Welcome to Barmy’s Daily Crypto News – December 26th, 2022
1. The digital euro may be launched in the next year
A second report on the progress of the inquiry phase of the eurozone central bank’s initiative to issue a digital version of the common European currency has been made public.
A digital euro would be a liability on the balance sheet of the Eurosystem, the monetary authority of the eurozone made up of the European Central Bank and the national central banks of the member states, just like banknotes are today. As a result, the regulator argues, the Eurosystem must have complete authority over the issuance and settlement of digital euros.
The European Central Bank further guarantees that its involvement in the processing of user data will be minimized by the architecture of the digital euro. In 2021, the initiative to create a digital euro officially began its study phase. In September 2022, the ECB released its first progress report. The creation of the distribution scheme’s ruleset should start in January. In the fall of 2023, the Governing Council of the central bank will assess the research’s findings and decide whether to move forward with a realization phase.
2. 1inch Network announced a major upgrade — Fusion
Fusion, a significant update for the 1inch Swap Engine, was announced by 1inch Network. For cryptocurrency investors, the Fusion update seeks to enable affordable, secure, and rewarding swaps.
DeFi investors can make orders with a predetermined price and time range without paying network costs by using the Fusion mode of the 1inch Swap Engine. The upgrade also contains network upgrades including modernized staking contracts and tokenomics.
Through qualified market makers, the 1inch Swap Engine links DeFi users and offers liquidity for cryptocurrency trades.In contrast to the conventional centralized technique, 1inch’s most recent upgrade enables investors to conduct secure non-custodial swaps that are carried out entirely without any authorization or trust.
In addition, the Fusion mode protects users from the maximum extractable value (MEV), which is the maximum profit that can be made from block production over and above the regular block reward and gas charges.
3. Banks in the Russian Federation will not be allowed to contact their customers on Messengers and Telegram
In the Russian Federation, banks will not be permitted to communicate with their clients via a number of well-liked messengers.
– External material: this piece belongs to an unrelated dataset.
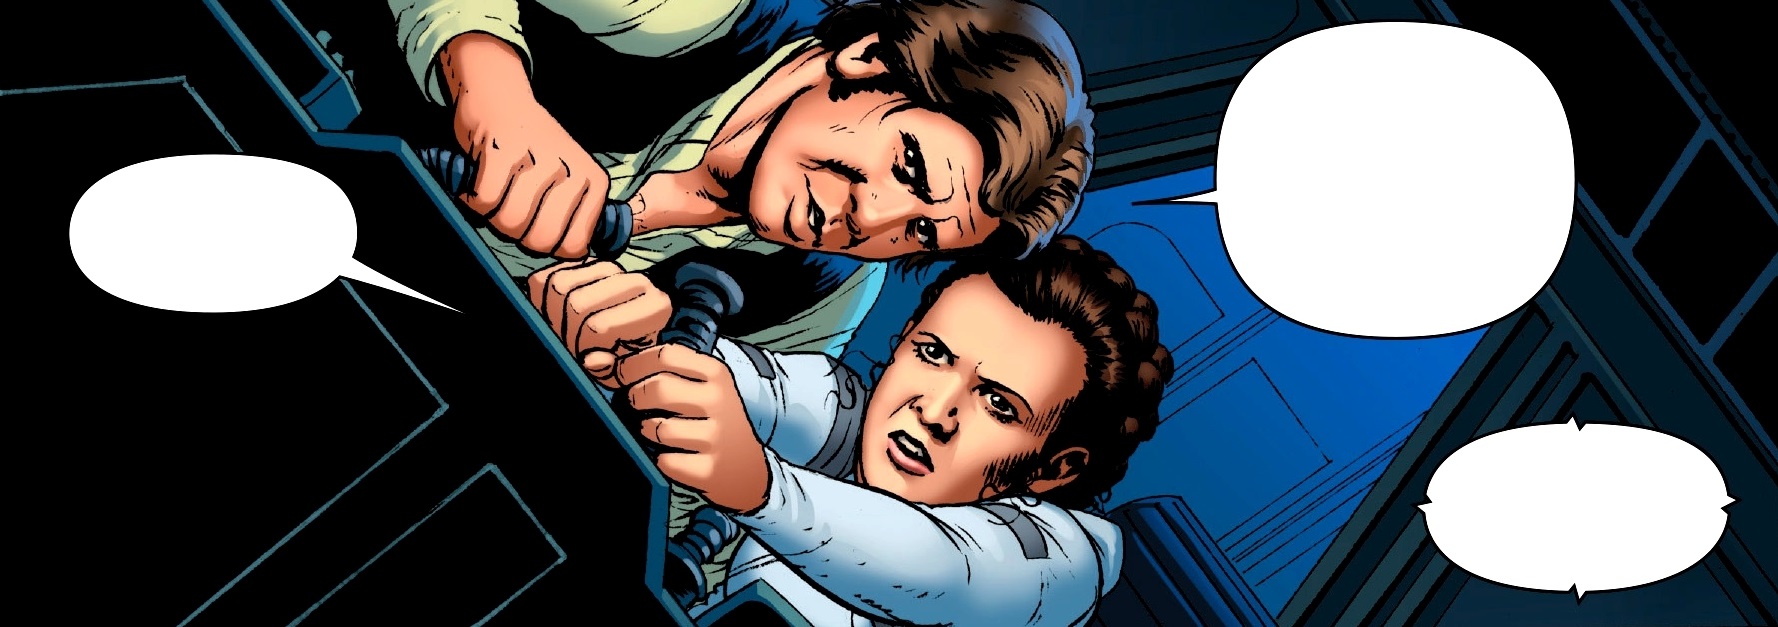 Plik:Leia i Han sie czubia.jpg

Roskomnadzor, the Federal Service for Supervision of Communications, Information Technology, and Mass Media, has not yet released a list of the affected applications.
The State Duma restricted the use of this sort of messaging service for correspondence containing sensitive information such personal data or documents related to payments and money transfers in the draft bill, which was approved in the third reading.
According to the report, the limits apply to all financial institutions, not just banks, including brokers, corporations involved in the securities market, management companies, investment funds, private pension funds, and depositories.
4. Defrost Finance announced that both of its versions are being investigated for a hack
Both of Defrost Finance’s versions, Defrost v1 and Defrost v2, a decentralized leveraged trading platform on the Avalanche blockchain, have been reported as being under investigation for a hack. Investors had reported losing their staked Defrost Finance (MELT) and Avalanche tokens from their MetaMask wallets when the announcement was made.
Doran, a member of the core team of Defrost Finance, acknowledged that Defrost v2 had been targeted by a flash loan attack shortly after a few users voiced their concerns about the odd loss of funds. The platform made the decision to shut down v2 while conducting further research because it thought Defrost v1 was unaffected at the time. PeckShield, a blockchain researcher, discovered that the hacker increased his or her profit by about $173,000 by manipulating the share price of LSWUSDC.
A loss of over $12 million is predicted. Despite the company’s proactive announcement of the hack, the neighborhood believes there may have been a rug-pull going on. Defrost v1 was previously declared to be unaffected by the hack since it lacked a flash loan feature.
5. Changpeng “CZ” Zhao discussed the reasons for the present FUD
On December 23, Changpeng “CZ” Zhao shared his thoughts on the causes of the current FUD surrounding the cryptocurrency exchange on Twitter. CZ claims in the forum that rather than the exchange itself, external forces are mostly to blame for Binance’s FUD.
The CEO cited the fact that some members of the bitcoin community despise centralization as one of the causes. They simply despise CEX, he said, regardless of whether it accelerates the acceptance of cryptocurrencies.
Additionally, CZ noted that many industry participants have viewed Binance as a rival, leading to increased lobbying against the exchange and “loans to minor media that are worth many times the market value of the media outlet, including buying their CEOs mansions, etc.”